I'm discretizing the following Poisson equation using FVM where the domain $\Omega$ of the solution is a regular hexagon of side $1$ centered about the origin. $$\Delta u =k,\text{ $k$ constant}\\ \partial_n u = 0\\ \Omega \subset \mathbb{R^2}$$
Let $V_i\subset \Omega$, $i=1,\dots,6$, be one of the six equilateral triangles comprising the hexagon; so $\bigcup\limits_{i=1}^6 V_i=\Omega$.

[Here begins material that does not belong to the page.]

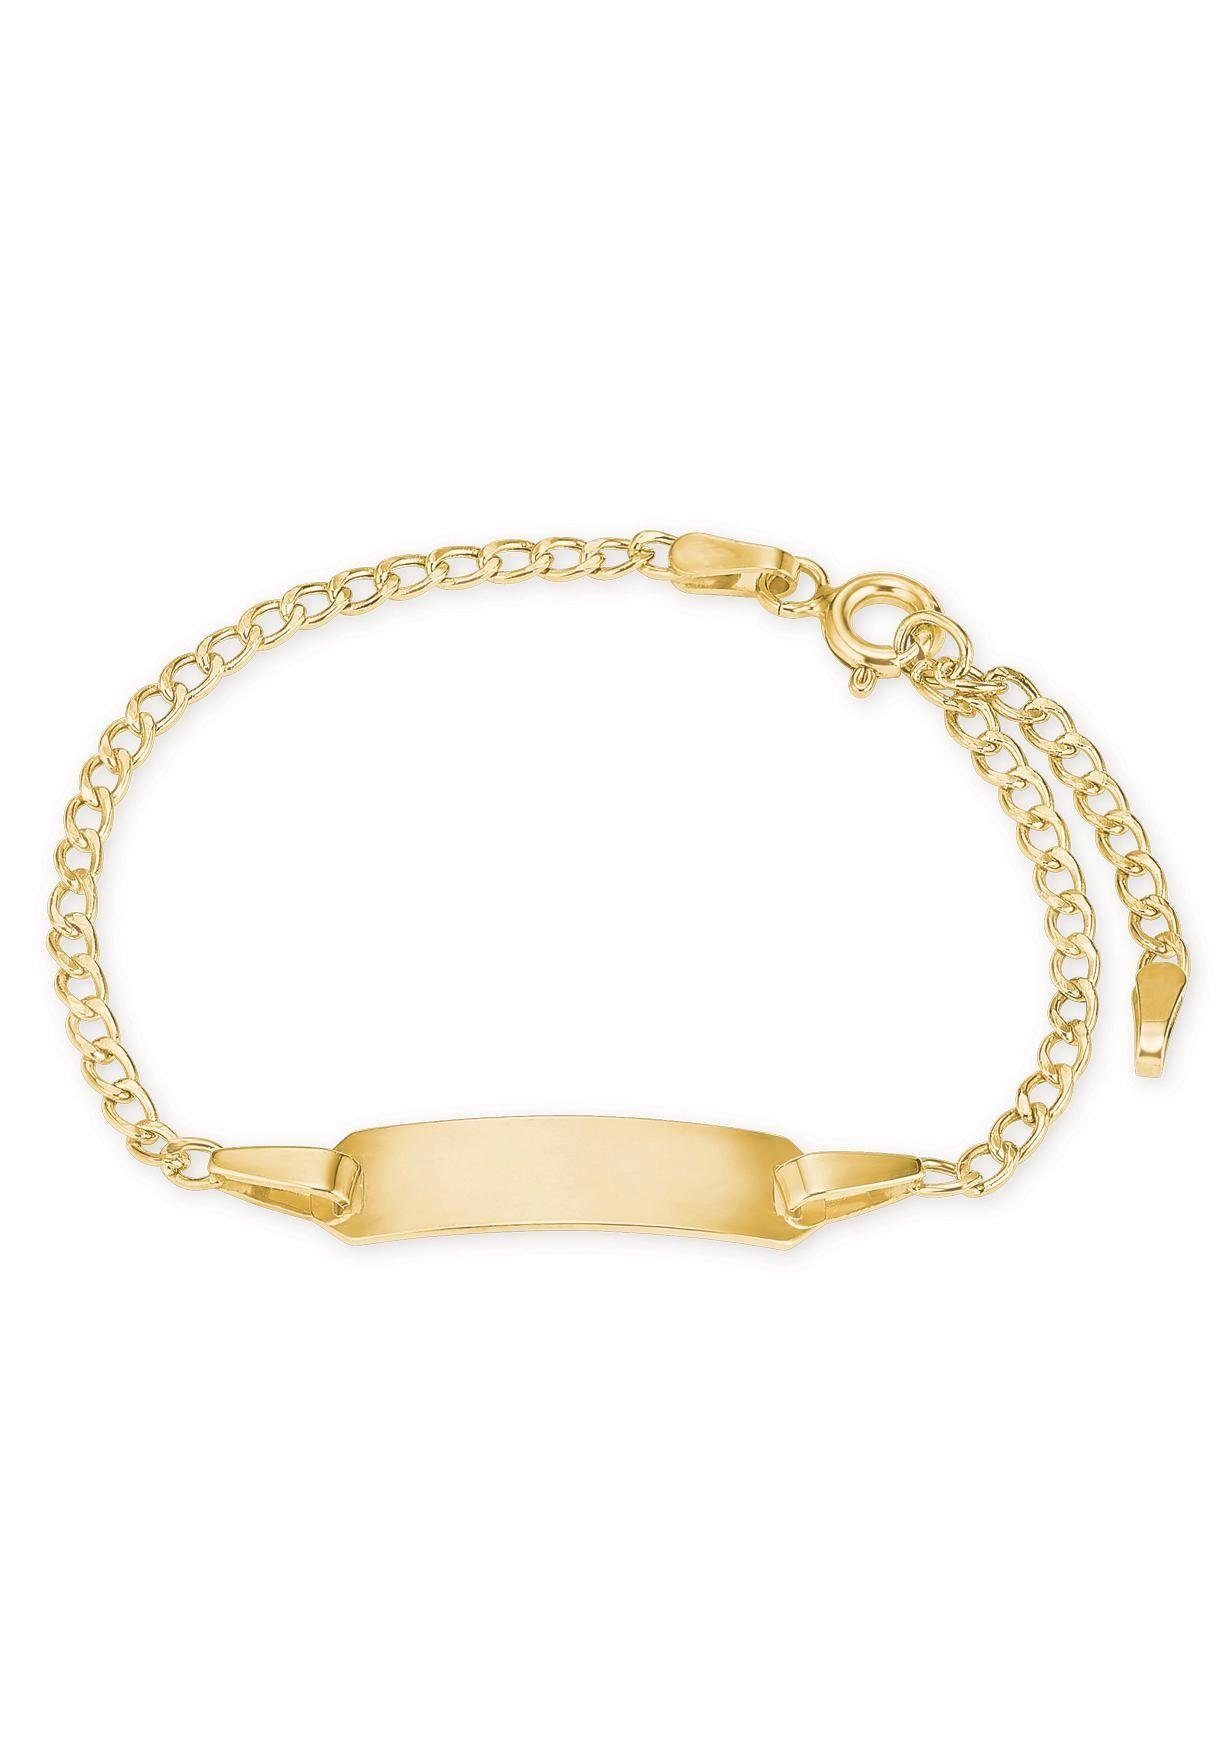 Armband 375 Gold 2014338, Amor

Then we obtain a system of six equations, that is a linear system after the following steps: $$\int_{V_i} \Delta udx = \int_{\partial V_i} \nabla u(x)\cdot n ds =\int_{V_i}kdx = 0$$ $$\int_{\partial V_i} \nabla u(x)\cdot nds=\int_{\partial V_i}\partial_n u ds$$ $$\approx \sum\limits_{j\in n_i}\frac{u_j-u_i}{h_{i,j}}l_{i,j}+\int_{\Gamma_i}0ds=\sum\limits_{j\in n_i} \frac{u_j-u_i}{h_{i,j}}l_{i,j}+\text{constant $C$}$$ $$=|V_i|k=|V_i|\cdot 0 = 0$$
Where $|V_i|$ means the area of $V_i$ and $n_i$ is the set of cells immediately neighboring $V_i$ (two such cells for a hexagon).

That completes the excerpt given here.